While a seamless transition from Web2 to the Semantic Web or Web3 is unlikely, things are progressing in the right direction. And blockchain technology has the potential to change the internet as we know it.
Blockchain and Web3
Blockchain technology is commonly associated with cryptocurrencies such as Bitcoin and Litecoin, which function as digital currencies.
Many people don’t know that blockchain and decentralized technologies can be used for more than just digital payments.
Storage that is distributed
Stratos (STOS), Filecoin (FIL), and Arweave (AR) are all projects that are building decentralized storage and cloud infrastructure with the goal of giving online assets back to the people who made them.
With technologies like IPFS, users can upload and access data quickly and safely, no matter how big the file is.
Edge computing and thousands of widely spread nodes that act as microservers bring computing and storage closer to where data is created.
This makes it easier for people in developing countries to connect to the internet and makes true decentralization possible by getting rid of centralized servers and data hubs that go down often.
Nonfungible tokens (NFTs) are still in their early stages and have primarily gained traction as digital and tradeable art. However, the potential applications for NFTs are much broader.
Technology has advanced quickly, but asset ownership and verification have lagged. Signing legally binding documents with a pen and paper is a thing of the past. ID theft and online theft are common and appear to be unavoidable.
NFTs have the potential to address these and other issues. Blockchain-based projects are hard at work developing NFT use cases for issues such as voting, medical records and identification for developing countries, intellectual property ownership, supply chain management, and so on.
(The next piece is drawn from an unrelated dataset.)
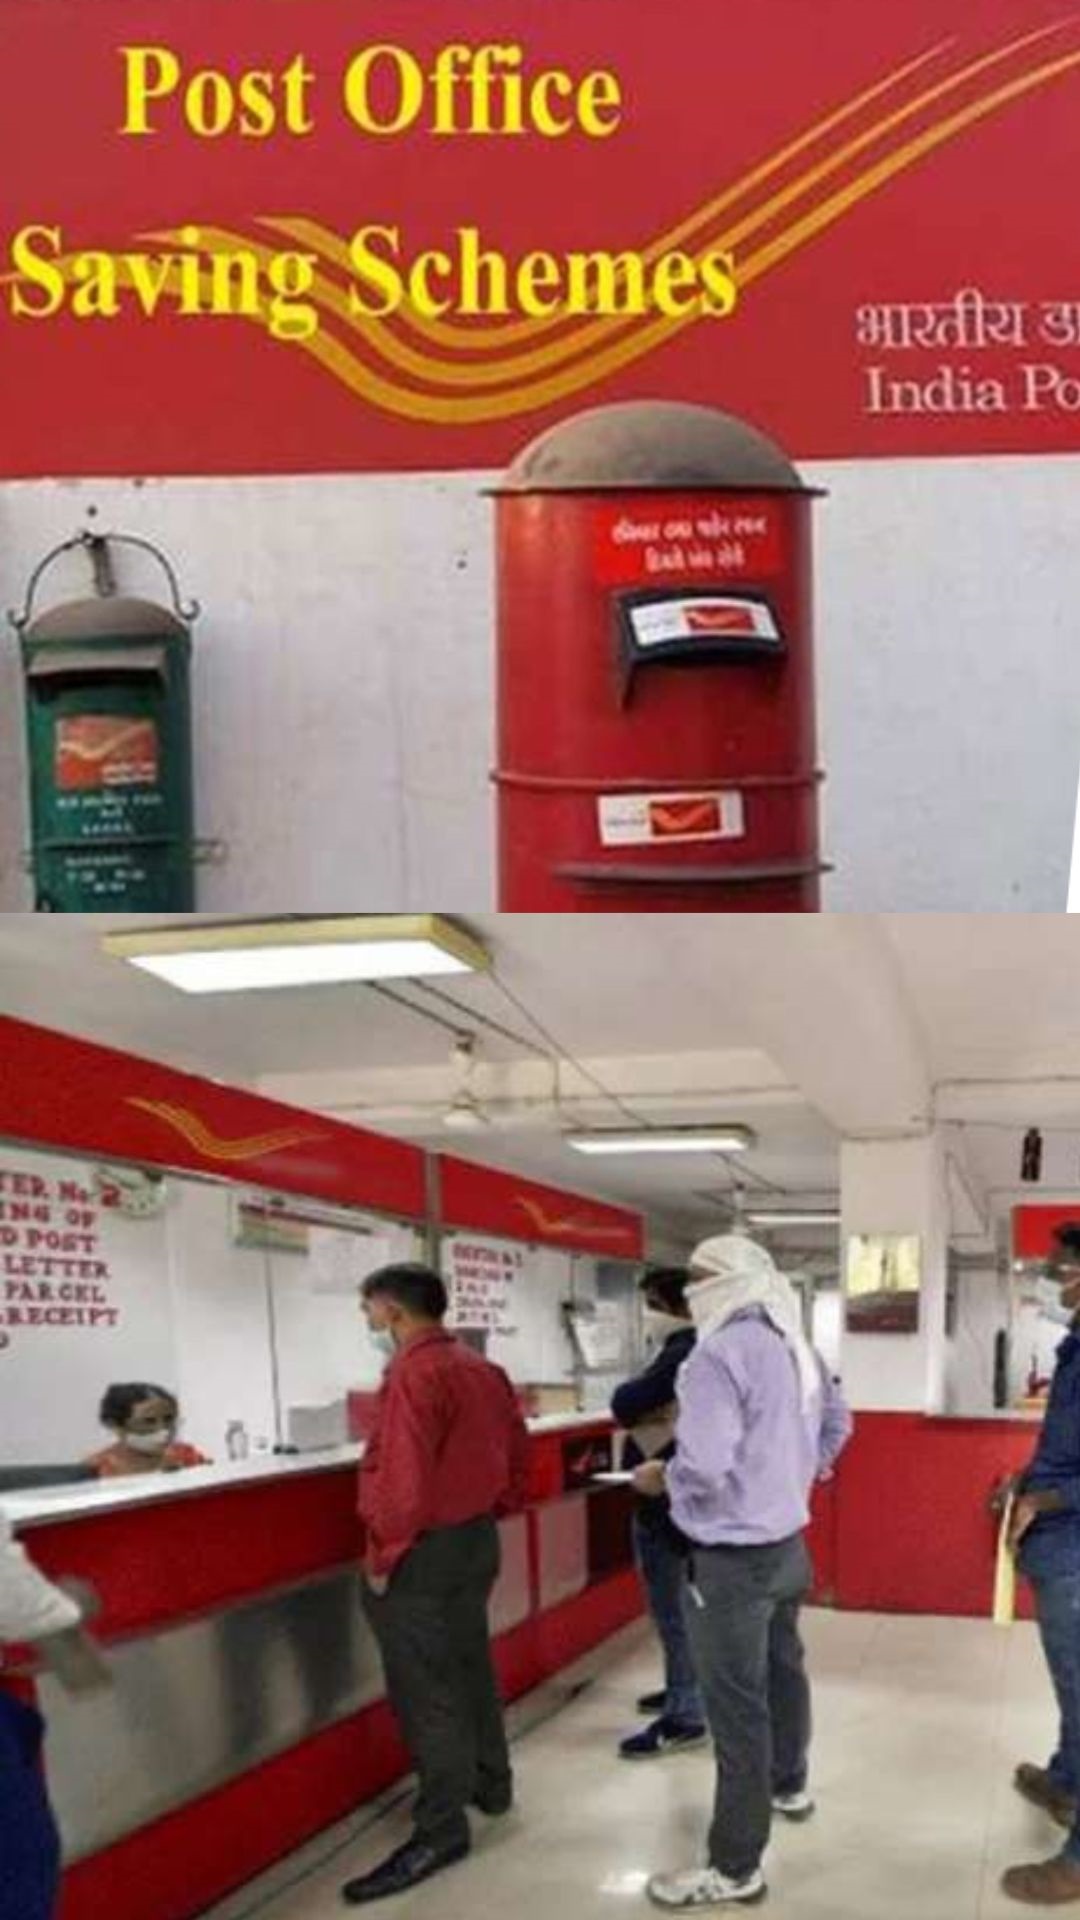 Post Office की इस महिला स्पेशल स्कीम में ₹2 लाख जमा करने पर मेच्योरिटी अमाउंट कितना बनेगा? 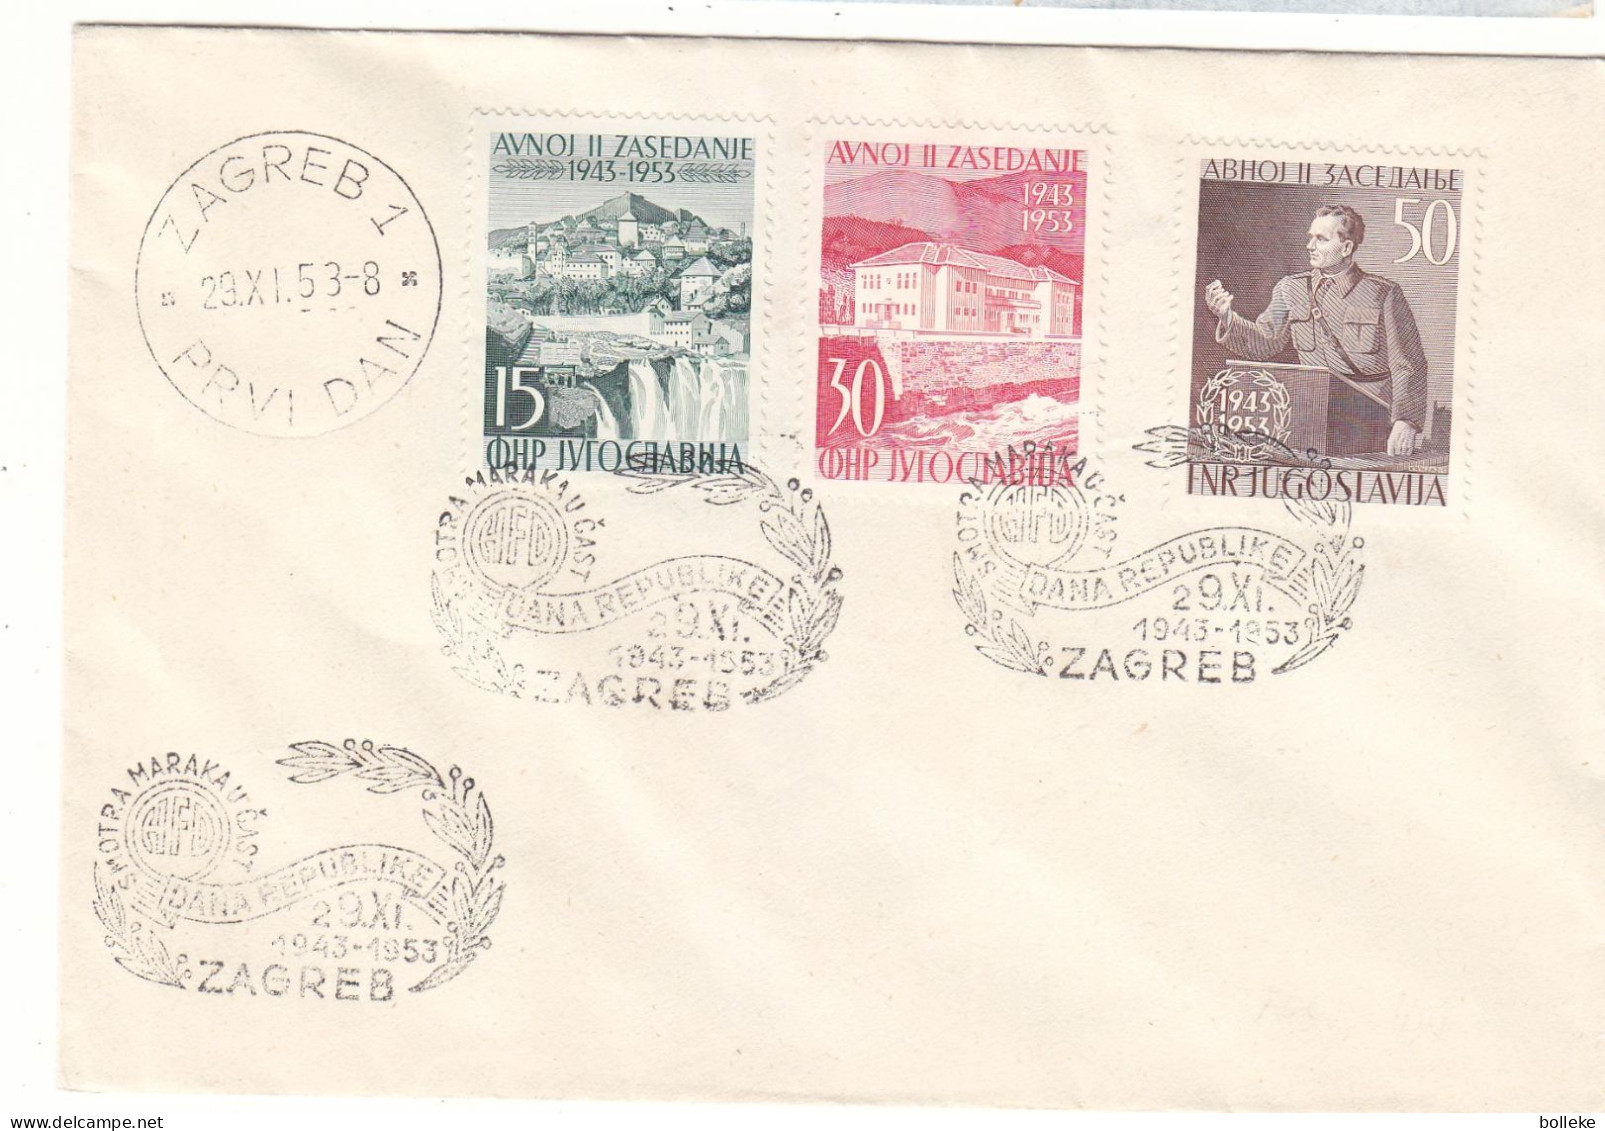 Yougoslavie - Lettre De 1953 - Oblit Zagreb - Tito - Chutes D'eaux - Valeur 60,00 Euros - Lettres & Documents

While digital art is the first iteration of NFTs, its technology still has a long way to go.
Cryptocurrency wallets facilitate the exchange of digital assets between parties. Through the use of public and private keys, users have complete access to and control over their cryptocurrencies.
Again, this is most likely just the beginning.
Status (SNT) is a project that is making digital wallets with extra features like encrypted messaging and decentralized Web3 browsers.
These projects might be able to compete with social media companies by making ads and data collection unnecessary as ways to make money.
Users could hold and control not only their cryptocurrency, but also their personal information, identification, and tokenized assets like real estate.
These are a few examples of blockchain technology’s applications and the role it will play in Web3 and a truly decentralized, semantic Web.
What is the next step?
There’s no telling how far the concept of Web3 and the Semantic Web will go or what’s to come.
If you had proposed ridesharing platforms, artificial intelligence, and blockchain in the early 1990s, you would have been laughed at. Proposals and potential use cases for Web3 will most likely receive a similar reaction.
There will be a lot of trial and error, and some projects will work out and others won’t.
But because online businesses and companies that are run from home are always changing, adaptations and improvements will continue to fit consumer needs and fill gaps we didn’t even know existed.
Furthermore, more people are becoming aware of flaws in its operations. Data and personal information are commodities. Single companies own significant portions of the internet and make trillions of dollars in profit each year, and yet over 1 billion people are still unable to access the internet.
But times are changing: blockchain and decentralized technologies are quickly becoming recognized as critical pieces of the puzzle for the internet’s future.
Web3 is about more than just cryptocurrency. It will be whatever we make it to be, and it has the potential to change the world for the better.